# Problem With Partial Sum Function

Hi,

This post is a continuation of a previous post: Reduce_sum question - General - The Stan Forums (mc-stan.org).

Following the advice of @wds15, I am trying to use partial_sum to evaluate a density, which looks like this: \prod_{t=1}^{T}p(y_t|\mu_y)p(x_t|\mu_x), with \mu_y=Fx_t, and \mu_x=Gx_{t-1}.

I have two Stan programs that ought to perform the same analysis, with the only difference being that one uses partial_sum to evalutate the above density in 4 chunks, whereas the other evaluates it in one shot. Below I show how I evaluate the above in one go, without partial_sum;

model {
// Pre-compute array of mean vectors;
array[t_max]  vector[p] mu_y;
array[t_max]  vector[p] mu_x;

for(t in 1:t_max){

if(t == 1){

mu_x[t] = diag_matrix(Gmat) * x0;

}else{

mu_x[t] = diag_matrix(Gmat) * x[t-1];

}

mu_y[t] = Fmat * x[t];

}

target += MVPE_lpdf(x | mu_x, sigma_s, beta_s) + MVPE_lpdf(y | mu_y, diag_matrix(V), beta_o);
}


And below I show how I’m applying partial_sum to perform the above;

functions{
real partial_sum(vector[] y_slice,
int start,
int end,
vector[] x_slice,
matrix G,
matrix F,
matrix sigma_s,
matrix sigma_o,
real beta_s,
real beta_o,
vector x0){

// Precompute array of linear predictors;

array[end - start + 1] vector[ cols(F) ] mu_y;
array[end - start + 1] vector[ cols(G) ] mu_x;

int i = 1;

for(t in start:end ){

if(t == 1){

mu_x[i] = G * x0;

}else{

mu_x[i] = G * x_slice[(t-1)];

}

mu_y[i] = F * x_slice[t];

i = i + 1;

}

return MVPE_lpdf(x_slice[start:end] | mu_x, sigma_s, beta_s) + MVPE_lpdf( y_slice[start:end] | mu_y, sigma_o, beta_o);

}
.
. (not showing everything, for clarity)
.
model{
target += partial_sum(y,
1,
125,
x,
diag_matrix(Gmat),
Fmat,
sigma_s,
diag_matrix(V),
beta_s,
beta_o,
x0);

target += partial_sum(y,
126,
250,
x,
diag_matrix(Gmat),
Fmat,
sigma_s,
diag_matrix(V),
beta_s,
beta_o,
x0);

target += partial_sum(y,
251,
375,
x,
diag_matrix(Gmat),
Fmat,
sigma_s,
diag_matrix(V),
beta_s,
beta_o,
x0);

target += partial_sum(y,
376,
500,
x,
diag_matrix(Gmat),
Fmat,
sigma_s,
diag_matrix(V),
beta_s,
beta_o,
x0);
}


Since the last post, I have caught and corrected a discrepancy between my two Stan programs, and have looked at the two .stan files in WinDiff, and I can say with confidence that there is no difference between my two Stan programs, other than how they handle evaluating the above density.
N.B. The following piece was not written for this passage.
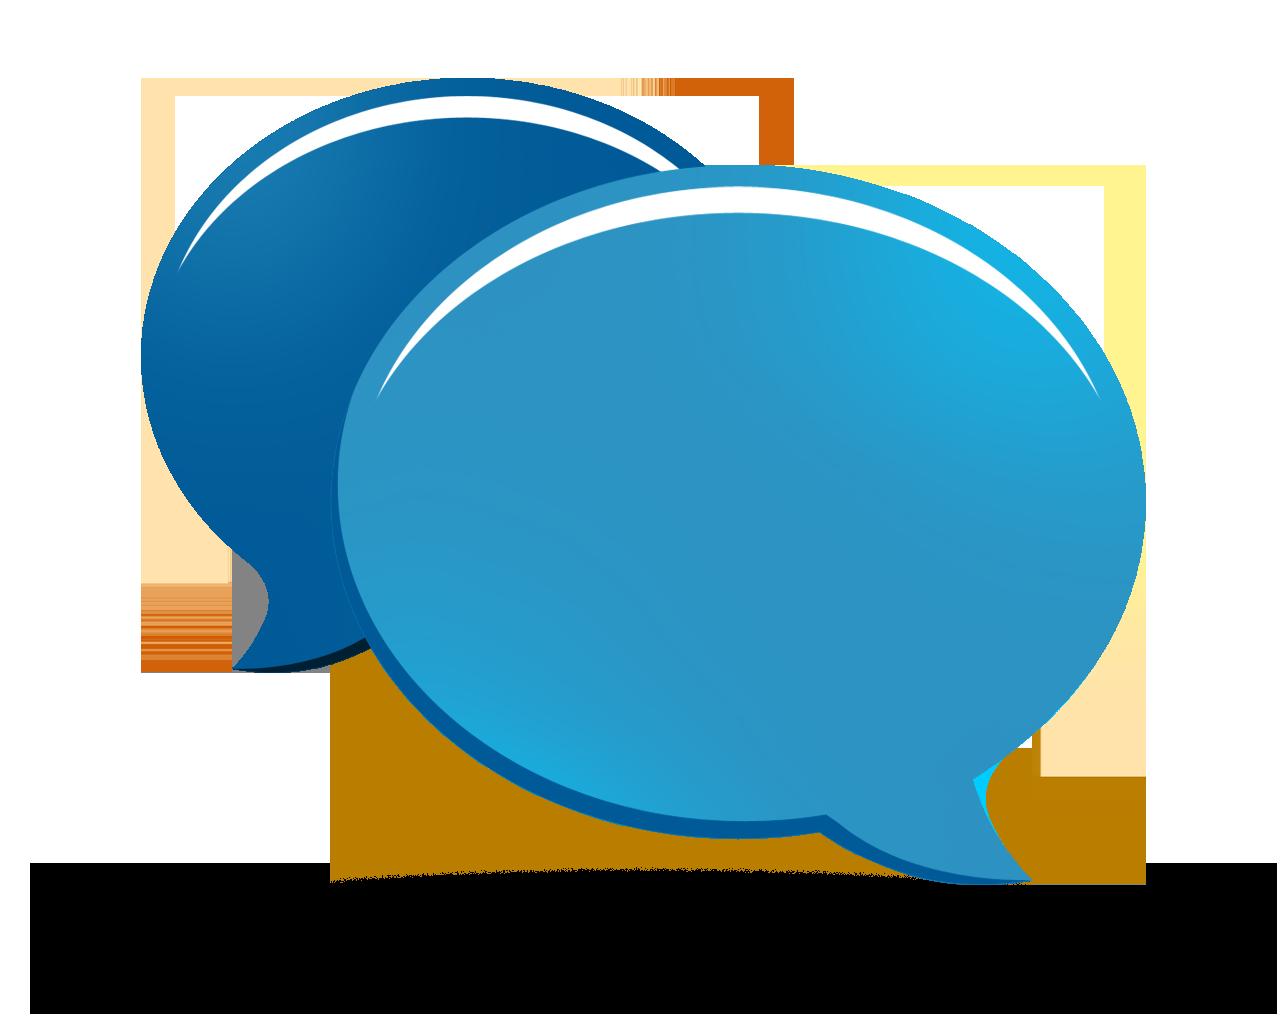 Icon . Conversation clipart transparent background

This leads me to think that I’m making some kind of mistake in the above code chunk (the one with partial_sum) to make them produce different results for the same density–I fail to see how they could be providing different results, however.

For anyone so inclined: Attached is an R file that will produce fake data and fit both models to the same data–It does rely on two packages, one of which is cmdstanr. The samplers use the same seeds as well, yet results won’t be the same. Also attached are the .stan files: NG_SSM.stan is the model that evaluates the density all at once, and NG_SSM_redsum.stan is the model that uses partial_sum.
Simulation_and_ReduceSum_Comparison.R (2.9 KB)
NG_SSM_redsum.stan (4.9 KB)
NG_SSM.stan (3.4 KB)

I would be greatly appreciative if someone could point out any mistake(s) in the above code chunk, or assist me in troubleshooting.

Other details:
I’m using cmdstanr 0.6.0, cmdstan version 2.32.2 and Windows 10, 64 bit. check_cmdstan_toolchain returns The C++ toolchain required for CmdStan is setup properly!

1 Like

UPDATE:

I’ve tried to get a bit creative with comparing the two models I have.

First, I used log_prob() and grad_log_prob() to compare the gradient and log-probability of the two models, given the same set of unconstrained parameters. I believe the gradient of the two models are the same, within a certain degree of precision. There are 2546 parameters in my model, and there are 5 points of disagreement where the gradients are not the same–Althought these differences are quite small;

There is also a difference in the log-probability of each model;

Next I looked at the chain of 1 parameter, from each sampler, starting at warmup to see when/where the two samplers begin to diverge; The red cross hairs is a chain coming from the NG_SSM_redsum sampler–The one using partial_sum. The point at which the two samplers diverge is on the 27th iteration.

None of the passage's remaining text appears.